From the Guidelines
For lower extremity cellulitis, the first-line antibiotic treatment should include a 5- to 6-day course of antibiotics active against streptococci, such as cephalexin (500 mg orally four times daily) or clindamycin (300-450 mg orally four times daily). This recommendation is based on the most recent and highest quality study, which suggests that a shorter course of antibiotics is effective for nonpurulent cellulitis, particularly for patients who can self-monitor and have close follow-up with primary care 1. The choice of antibiotic should target the most common causative organisms, Streptococcus and Staphylococcus species.

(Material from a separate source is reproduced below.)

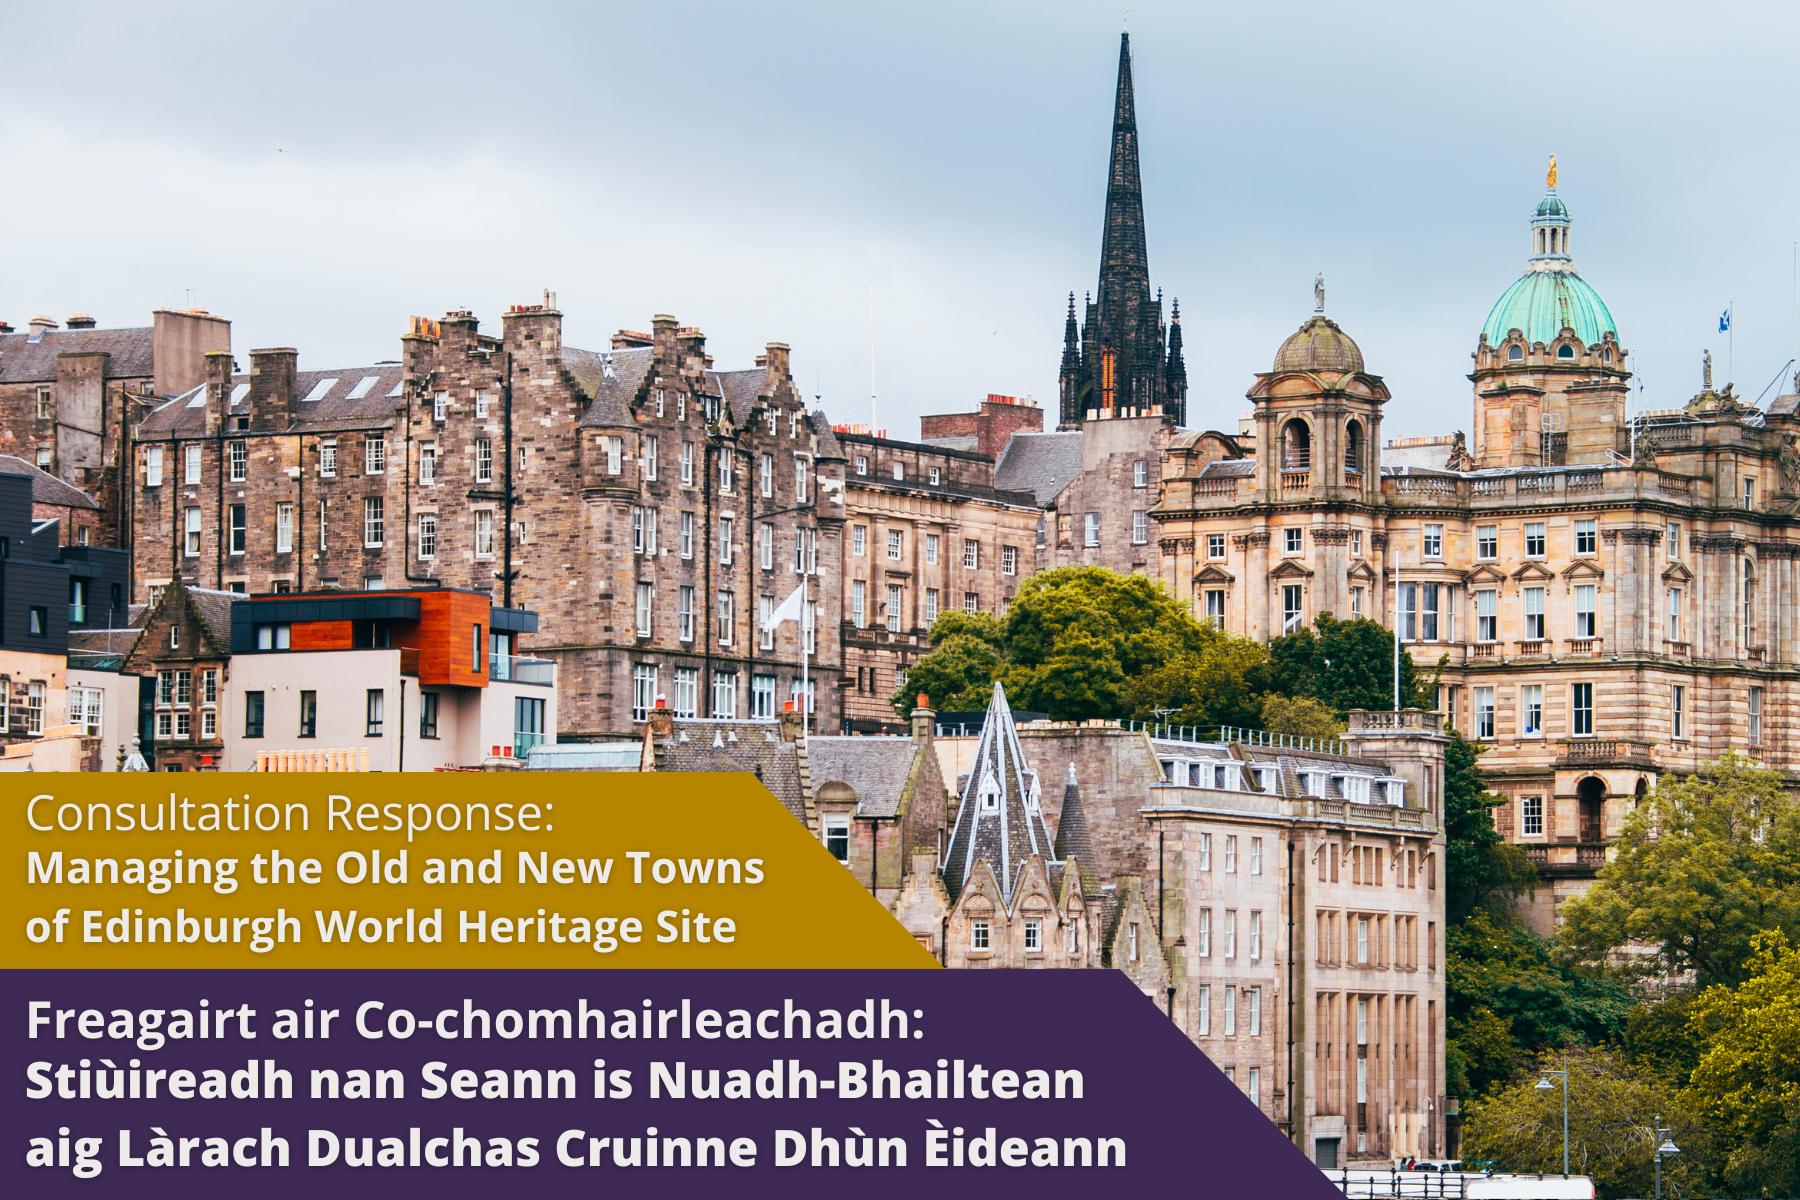 Consultation Response: Managing the Old and New Towns of Edinburgh World Heritage Site

- Key considerations for antibiotic selection include:
- Patient allergies and local resistance patterns
- Presence of systemic signs of infection or suspected MRSA, which may require broader coverage with antibiotics such as trimethoprim-sulfamethoxazole or doxycycline
- Severity of infection, with more severe cases potentially requiring hospitalization and intravenous antibiotics such as cefazolin, vancomycin, or piperacillin-tazobactam
- Additional management strategies for lower extremity cellulitis include:
- Elevation of the affected limb to reduce swelling
- Monitoring for spreading redness or fever
- Follow-up within 48-72 hours to ensure improvement
- Adjustment of antibiotic selection based on culture results when available The 2014 IDSA guideline also recommends considering extension of treatment if the infection has not improved after 5 days 1. However, the more recent 2021 guideline from the American College of Physicians suggests that a 5- to 6-day course of antibiotics is sufficient for nonpurulent cellulitis 1.
From the FDA Drug Label
Prescribing dicloxacillin sodium capsules in the absence of a proven or strongly suspected bacterial infection or a prophylactic indication is unlikely to provide benefit to the patient and increases the risk of the development of drug-resistant bacteria
Prescribing cephalexin capsules, cephalexin for oral suspension, or cephalexin tablets in the absence of a proven or strongly suspected bacterial infection or a prophylactic indication is unlikely to provide benefit to the patient and increases the risk of the development of drug-resistant bacteria
The antibiotics (abx) that can be used to treat lower extremity cellulitis are:
From the Research
Antibiotics for Lower Extremity Cellulitis
- The choice of antibiotics for lower extremity cellulitis depends on the suspected causative pathogens and local resistance patterns 4, 5, 6.
- Commonly used antibiotics for cellulitis include:
- Cephalexin
- Trimethoprim-sulfamethoxazole
- Clindamycin
- Cefdinir
- A study found that trimethoprim-sulfamethoxazole had a higher treatment success rate than cephalexin for outpatient cellulitis, especially in areas with high prevalence of community-associated methicillin-resistant Staphylococcus aureus (MRSA) infections 4.
- Another study found that the addition of trimethoprim-sulfamethoxazole to cephalexin did not improve outcomes for patients with uncomplicated cellulitis, but the results were not conclusive and further research may be needed 5, 6.
- Cefdinir has been shown to be effective in treating mild to moderate uncomplicated skin and skin structure infections, including cellulitis, with a clinical cure rate similar to that of cephalexin 7.
Considerations for Antibiotic Choice
- The presence of MRSA should be considered when choosing an antibiotic, as some antibiotics such as trimethoprim-sulfamethoxazole and clindamycin have activity against MRSA 4, 5, 6.
- The severity of the cellulitis and the presence of underlying conditions such as diabetes or immunosuppression should also be considered when choosing an antibiotic 4, 5, 6.
- The use of anti-inflammatory therapy in addition to antibiotics may help to hasten the resolution of inflammation and improve outcomes 8.